* WORK REQUEST:
Locate, in the data below, the line that contains "Spellbinders Spellbinders Glimmer" and the line that contains "BCN3D Capot Sigma"; reproduce exactly those two lines and every line between them, nothing more.

* Source data:

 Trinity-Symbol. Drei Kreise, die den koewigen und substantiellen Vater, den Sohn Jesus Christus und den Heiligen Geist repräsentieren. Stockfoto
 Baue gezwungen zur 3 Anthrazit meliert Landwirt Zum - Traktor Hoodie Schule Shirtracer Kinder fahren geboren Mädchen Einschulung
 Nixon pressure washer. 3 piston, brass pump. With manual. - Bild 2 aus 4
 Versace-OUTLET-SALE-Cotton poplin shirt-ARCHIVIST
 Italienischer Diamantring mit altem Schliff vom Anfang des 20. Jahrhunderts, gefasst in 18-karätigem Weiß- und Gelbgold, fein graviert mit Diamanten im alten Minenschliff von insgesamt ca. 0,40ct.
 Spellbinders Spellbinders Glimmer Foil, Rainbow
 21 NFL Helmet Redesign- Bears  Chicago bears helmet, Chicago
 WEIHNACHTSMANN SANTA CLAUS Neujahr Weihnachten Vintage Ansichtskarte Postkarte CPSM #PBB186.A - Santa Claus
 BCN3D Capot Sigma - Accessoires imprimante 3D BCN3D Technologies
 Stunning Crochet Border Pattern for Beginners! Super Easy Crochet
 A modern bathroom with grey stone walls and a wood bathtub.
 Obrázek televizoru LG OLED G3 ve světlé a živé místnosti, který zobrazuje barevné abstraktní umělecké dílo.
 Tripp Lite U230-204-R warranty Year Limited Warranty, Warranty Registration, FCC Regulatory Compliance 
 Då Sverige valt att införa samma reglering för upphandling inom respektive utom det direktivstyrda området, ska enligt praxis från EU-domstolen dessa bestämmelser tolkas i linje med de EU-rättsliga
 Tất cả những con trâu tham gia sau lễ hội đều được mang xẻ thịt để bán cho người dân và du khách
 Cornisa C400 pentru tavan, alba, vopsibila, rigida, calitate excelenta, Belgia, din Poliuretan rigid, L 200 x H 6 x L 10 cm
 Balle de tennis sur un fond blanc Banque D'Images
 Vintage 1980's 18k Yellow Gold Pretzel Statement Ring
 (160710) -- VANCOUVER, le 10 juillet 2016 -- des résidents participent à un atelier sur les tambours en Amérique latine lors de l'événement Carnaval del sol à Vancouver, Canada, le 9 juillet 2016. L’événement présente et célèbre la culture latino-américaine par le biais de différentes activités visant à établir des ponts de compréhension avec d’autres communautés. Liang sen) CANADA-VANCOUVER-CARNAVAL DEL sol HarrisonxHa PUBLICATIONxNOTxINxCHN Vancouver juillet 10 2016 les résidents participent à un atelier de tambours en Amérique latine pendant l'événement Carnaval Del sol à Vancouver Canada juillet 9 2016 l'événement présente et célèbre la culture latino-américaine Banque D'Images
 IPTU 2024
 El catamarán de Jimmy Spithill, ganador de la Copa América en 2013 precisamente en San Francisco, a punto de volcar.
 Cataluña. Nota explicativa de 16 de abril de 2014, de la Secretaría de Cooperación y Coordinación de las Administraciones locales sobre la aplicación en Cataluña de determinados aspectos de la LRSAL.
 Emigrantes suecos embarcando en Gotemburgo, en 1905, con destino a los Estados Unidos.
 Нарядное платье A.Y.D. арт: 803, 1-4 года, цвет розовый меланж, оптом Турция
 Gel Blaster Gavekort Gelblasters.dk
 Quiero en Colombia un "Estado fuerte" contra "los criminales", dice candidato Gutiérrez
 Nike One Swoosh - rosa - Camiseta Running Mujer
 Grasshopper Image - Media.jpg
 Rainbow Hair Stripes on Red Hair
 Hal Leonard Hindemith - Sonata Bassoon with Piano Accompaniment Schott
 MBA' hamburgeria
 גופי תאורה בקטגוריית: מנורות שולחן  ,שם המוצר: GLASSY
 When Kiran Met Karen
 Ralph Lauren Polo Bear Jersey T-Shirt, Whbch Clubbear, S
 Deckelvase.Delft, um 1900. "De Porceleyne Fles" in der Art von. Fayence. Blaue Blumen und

* EXPECTED ANSWER:
 Spellbinders Spellbinders Glimmer Foil, Rainbow
 21 NFL Helmet Redesign- Bears  Chicago bears helmet, Chicago
 WEIHNACHTSMANN SANTA CLAUS Neujahr Weihnachten Vintage Ansichtskarte Postkarte CPSM #PBB186.A - Santa Claus
 BCN3D Capot Sigma - Accessoires imprimante 3D BCN3D Technologies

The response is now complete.